• GIVEN DATA
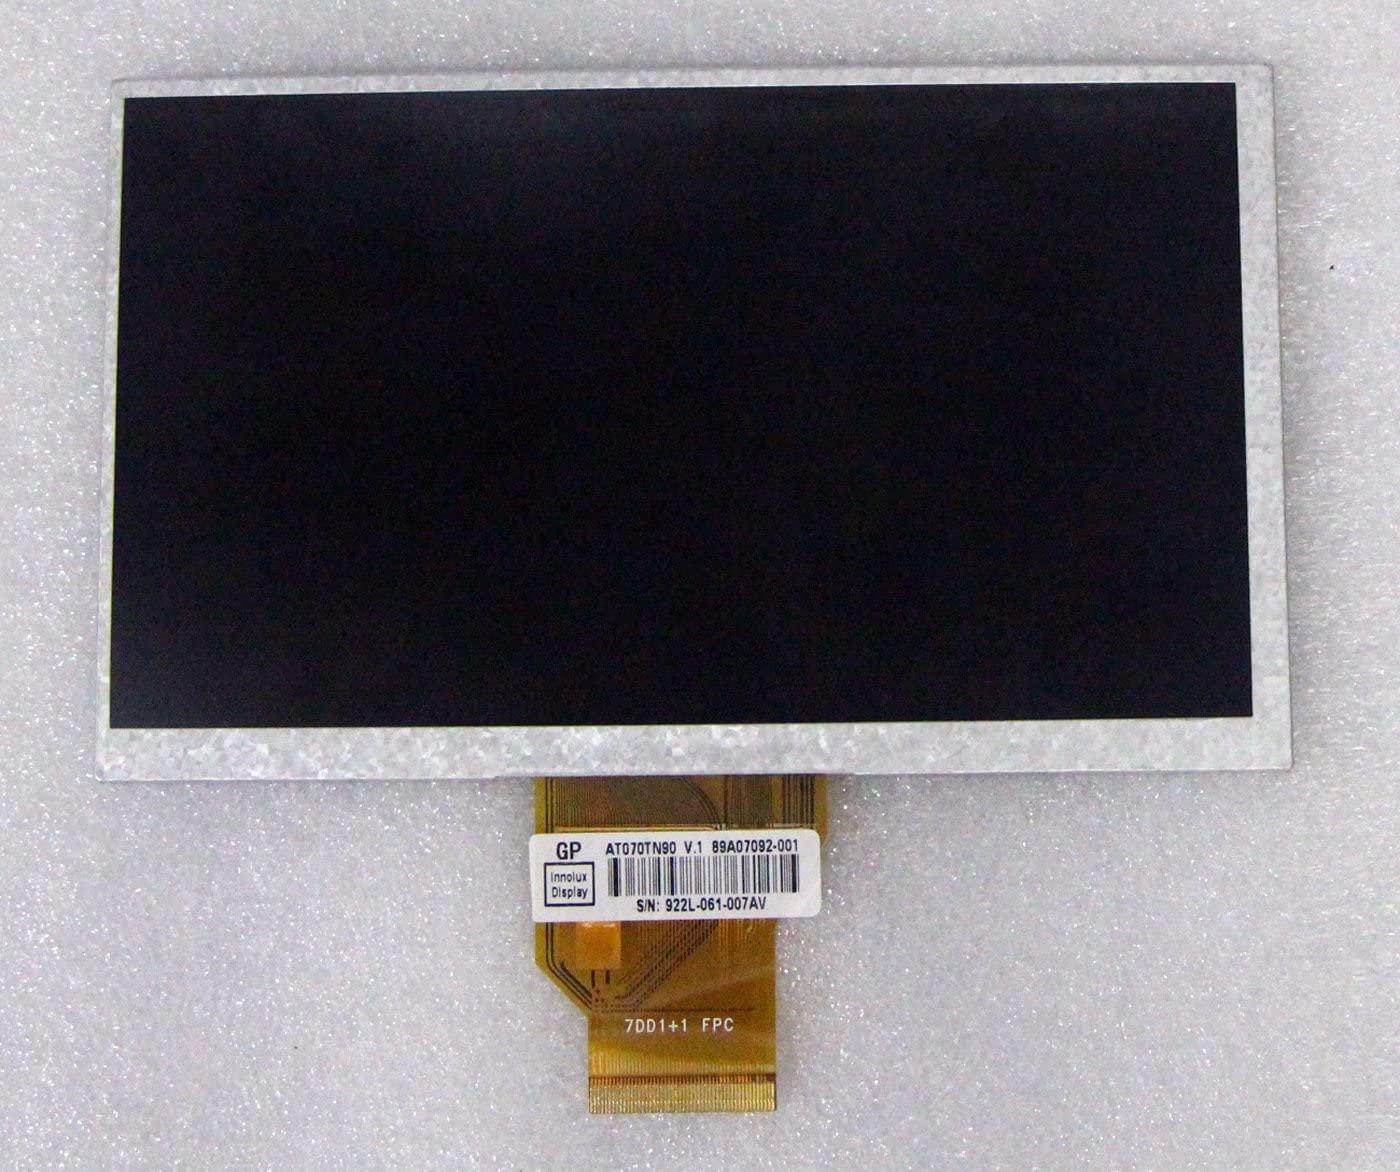 innolux display at070tn90 v.1.jpg
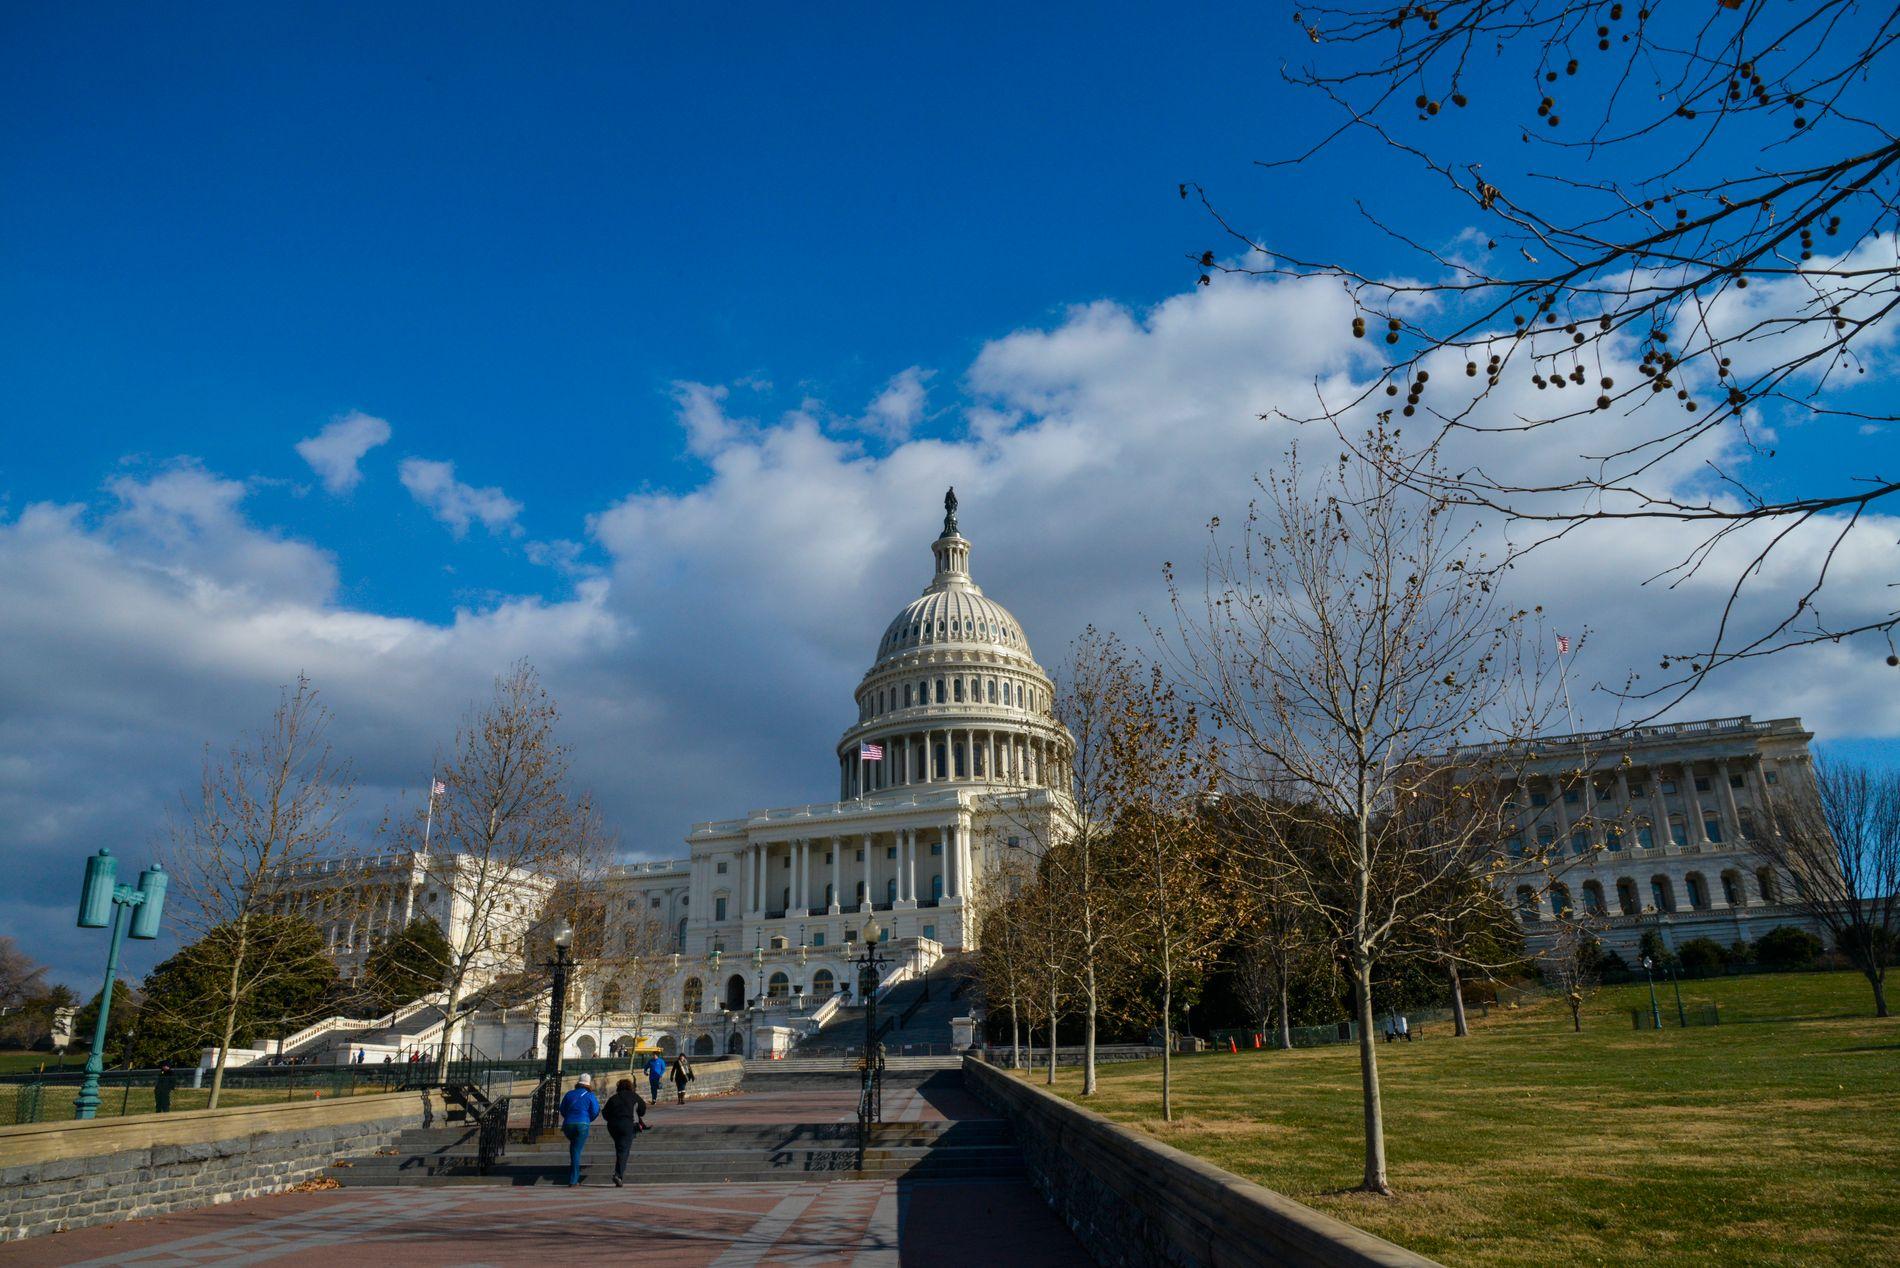 KONGRESSEN: Totalt 470 personer skal velges til Kongressen i Washington, D.C. ved årets mellomvalg. I tillegg kommer guvernører og delstatspolitikere.
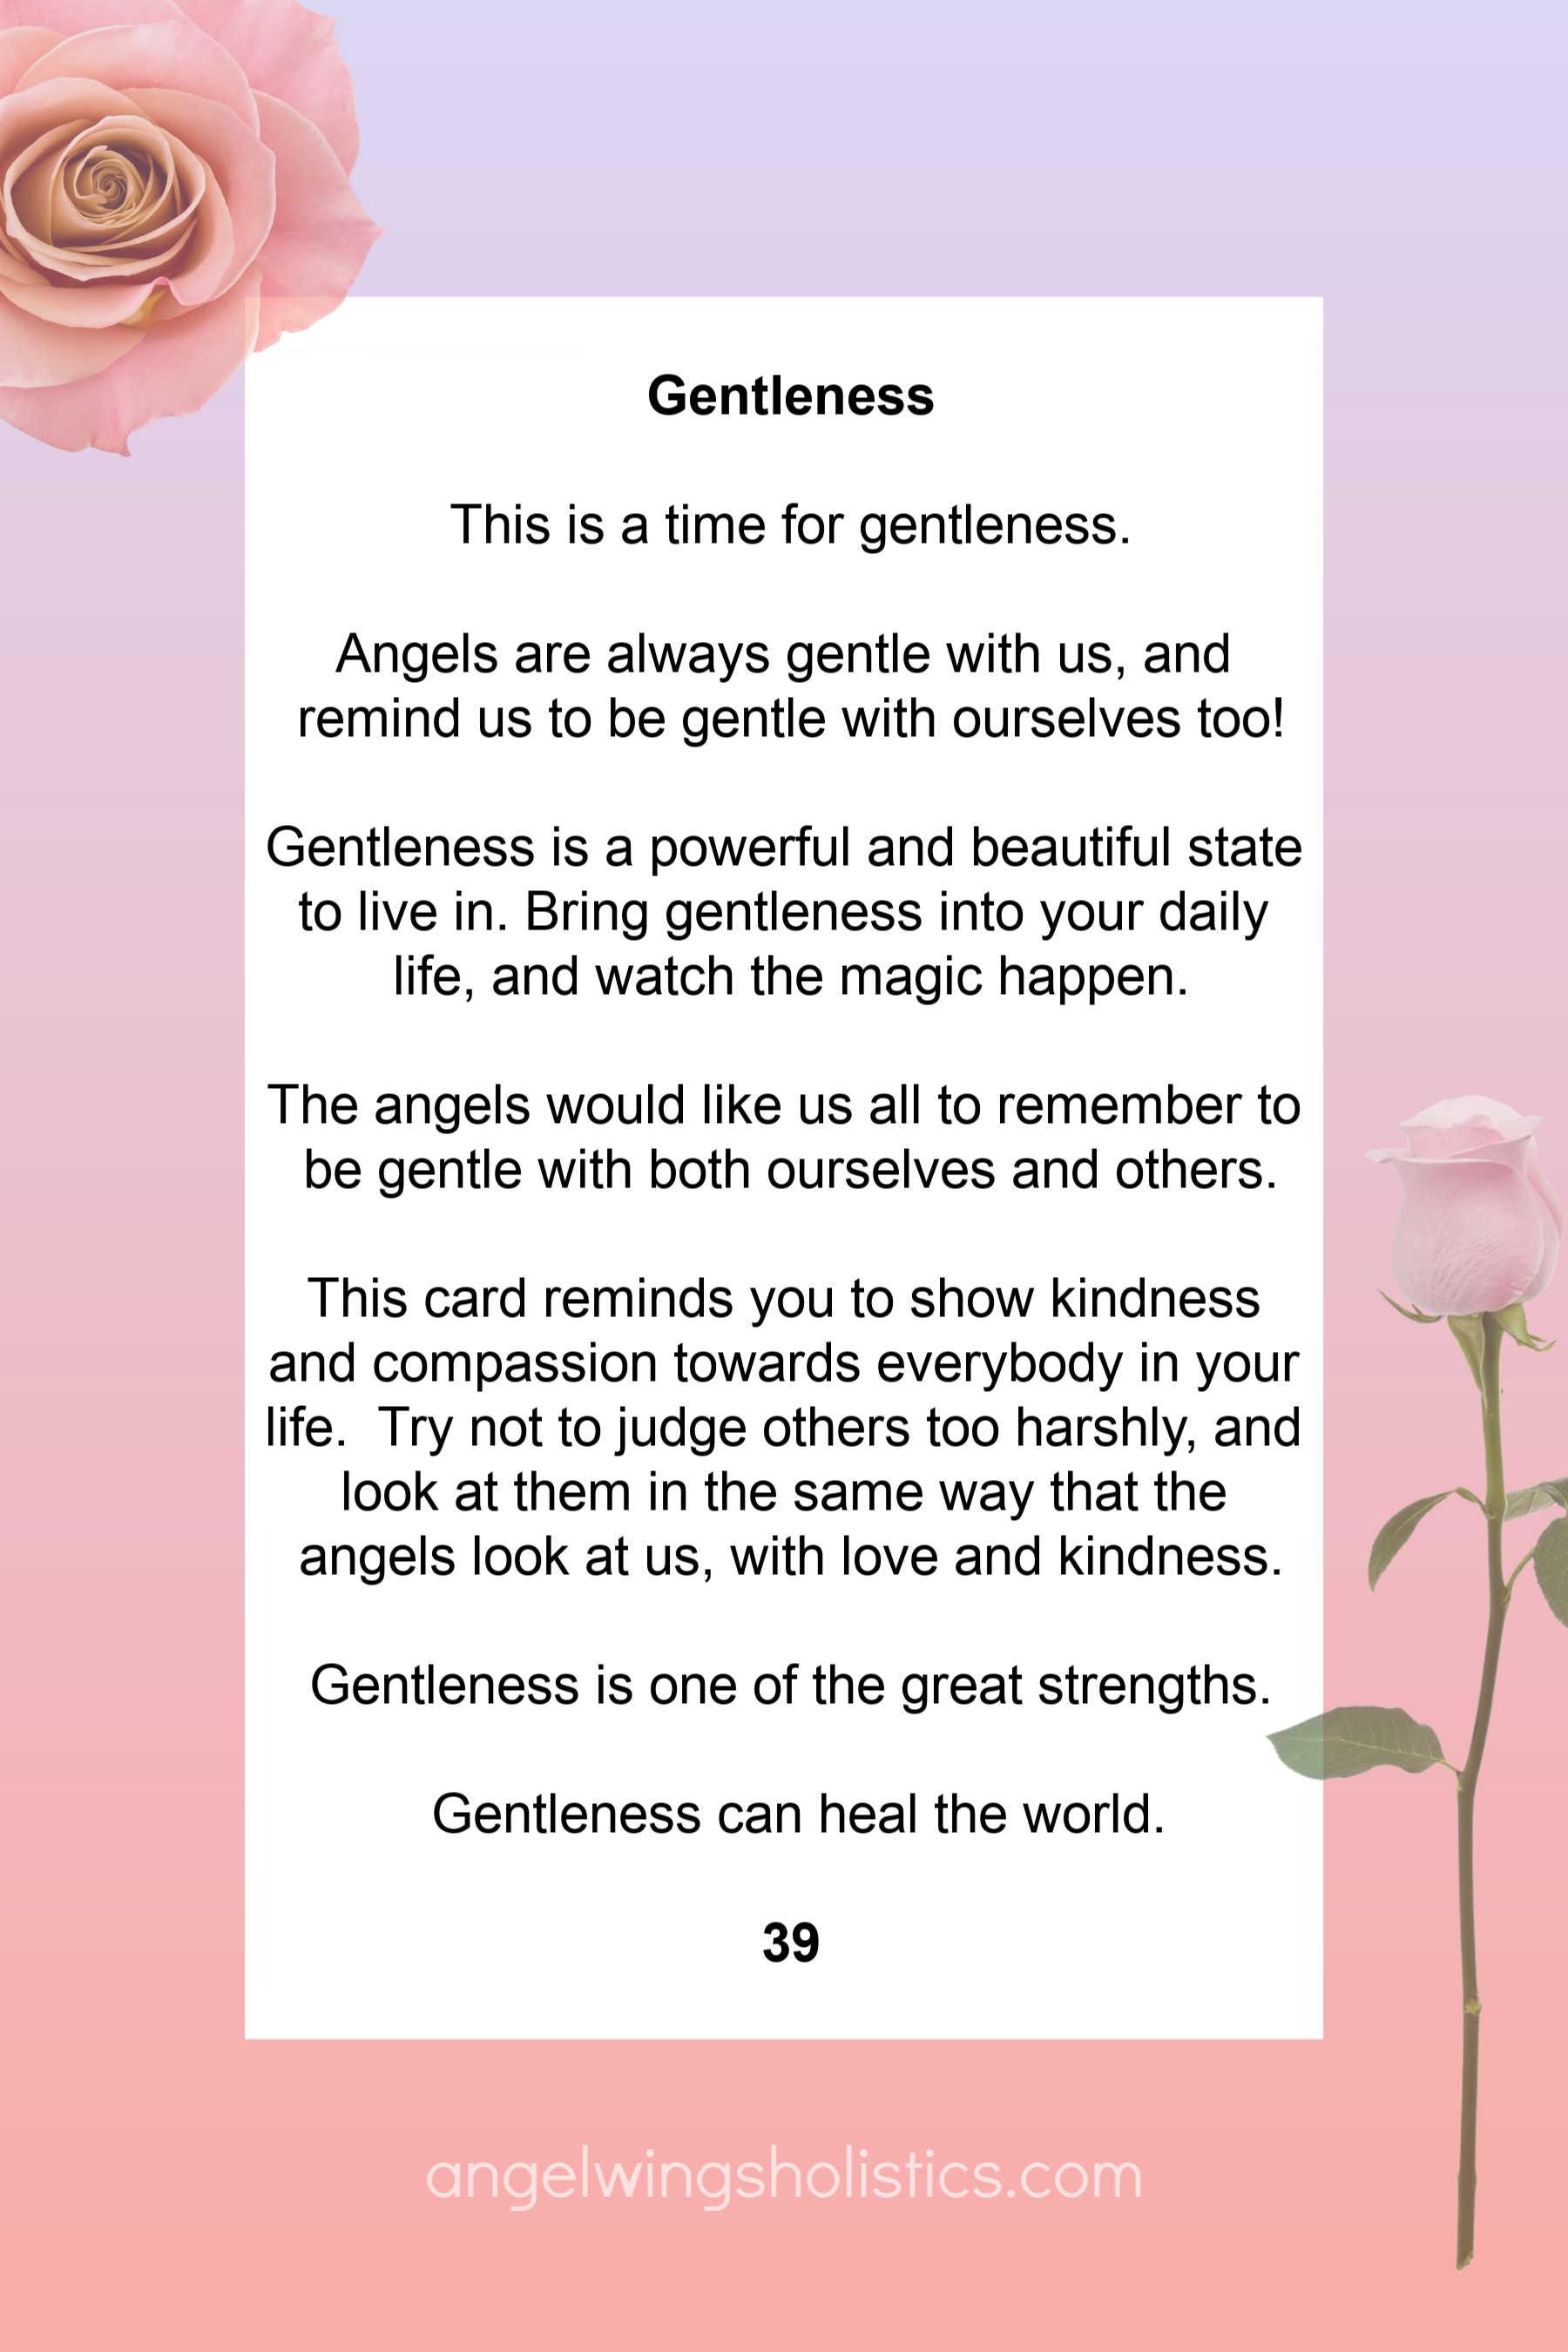 39-gentleness.jpg

• INSTRUCTIONS FOR THE TASK
Through to the final line, copy the material above exactly and skip the images.

• EXPECTED ANSWER
 innolux display at070tn90 v.1.jpg
 KONGRESSEN: Totalt 470 personer skal velges til Kongressen i Washington, D.C. ved årets mellomvalg. I tillegg kommer guvernører og delstatspolitikere.
 39-gentleness.jpg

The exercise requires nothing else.